Identification of metastasis-associated proteins in a human tumor metastasis model using the mass-mapping technique

For most cancer cell types, the acquisition of metastatic ability leads to clinically incurable disease. The identification of molecules whose expression is specifically correlated with the metastatic spread of cancer would facilitate the design of therapeutic interventions to inhibit this lethal process. In order to facilitate metastasis gene discovery we have previously characterized a pair of monoclonal cell lines from the human breast carcinoma cell line MDA-MB-435 that have different metastatic phenotypes in immune-compromised mice. In this study, serum-free conditioned media was collected from the cultured monoclonal cell lines and a mass mapping technique was applied in order to profile a component of each cell line proteome. We utilized chromatofocusing in the first dimension to obtain a high resolution separation based on protein pI, and nonporous silica reverse-phase high performance liquid chromatography was used for the second dimension. Selected proteins were identified on the basis of electrospray ionization time of flight mass spectrometry (ESI-TOF MS) intact protein mapping and matrix-assisted laser desorption/ionization time of flight mass spectrometry (MALDI-TOF MS) peptide mass fingerprinting.
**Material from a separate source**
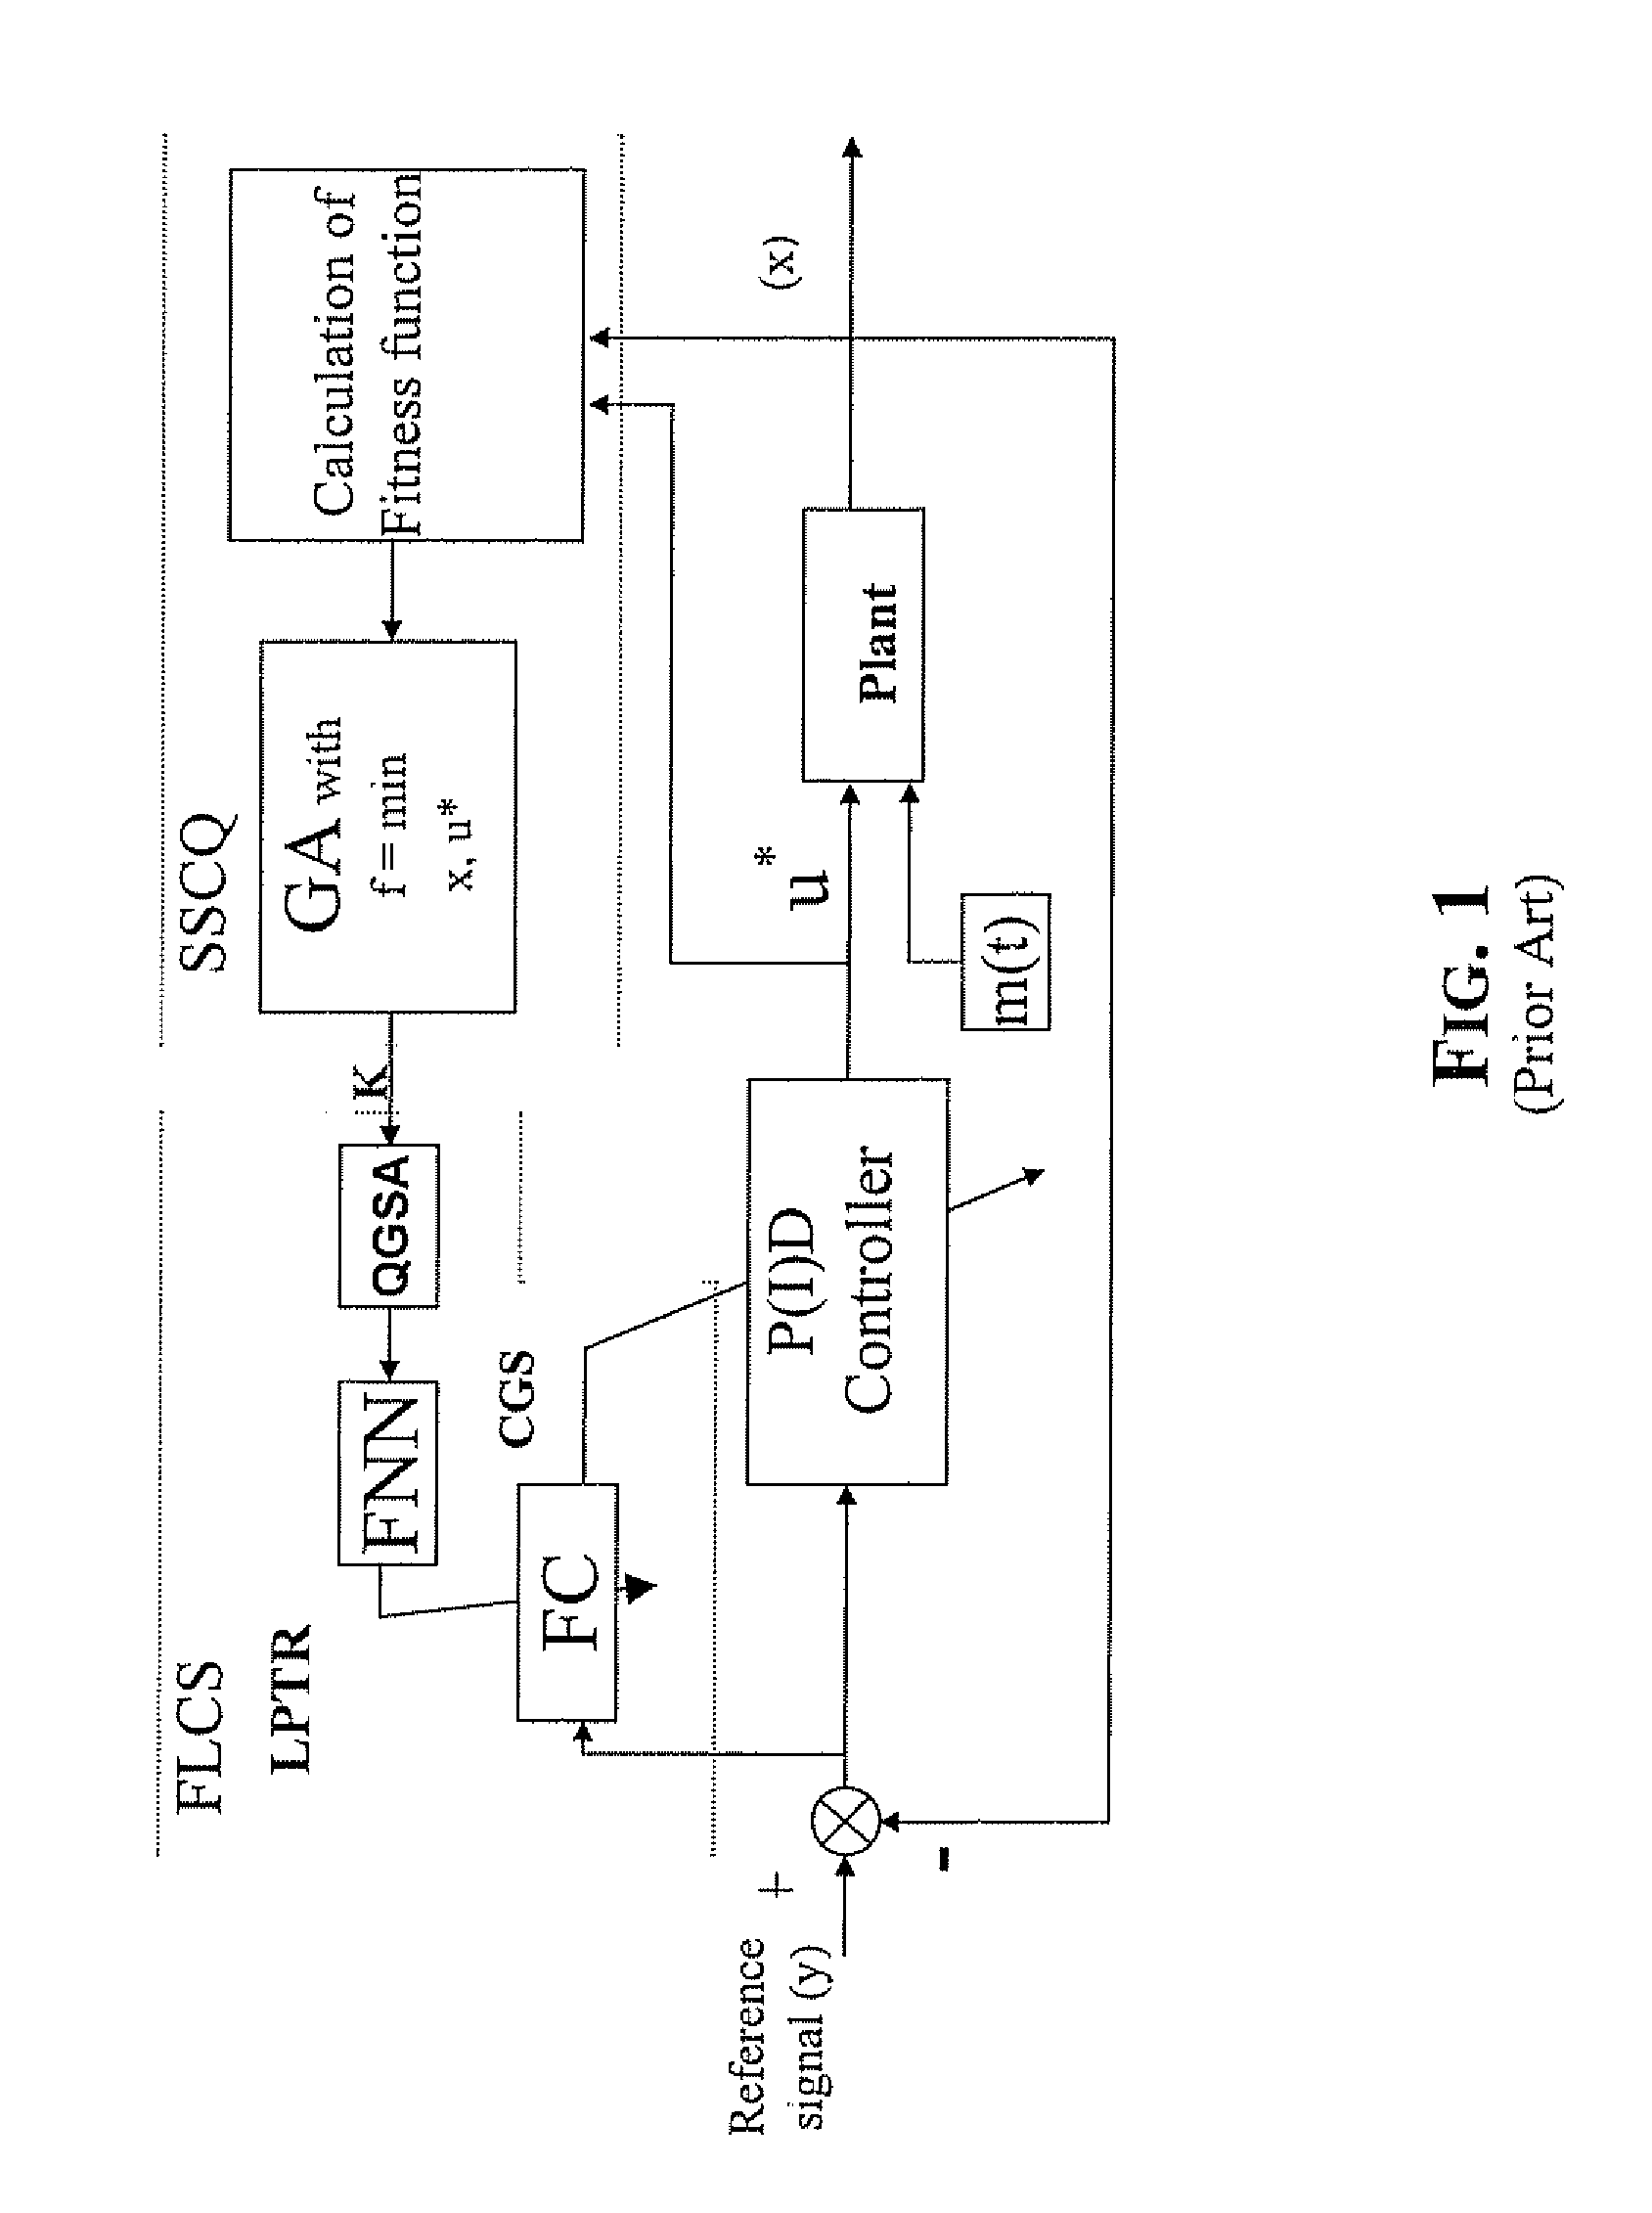 Method and device for performing a quantum algorithm to simulate a genetic algorithm

Using this approach we were able to map over 400 proteins and plot them as a 2-D map of pI versus accurate M(r). This was performed over a pI range of 4.0-6.2, and a mass range of 6-80 kDa. ESI-TOF MS data and further analysis using MALDI-TOF MS confirmed and identified 27 differentially expressed proteins. Proteins associated with the metastatic phenotype included osteopontin and extracellular matrix protein 1, whereas the matrix metalloproteinase-1 and annexin 1 proteins were associated with the non-metastatic phenotype. These findings demonstrate that the mass mapping technique is a powerful tool for the detection and identification of proteins in complex biological samples and which are specifically associated with a cellular phenotype.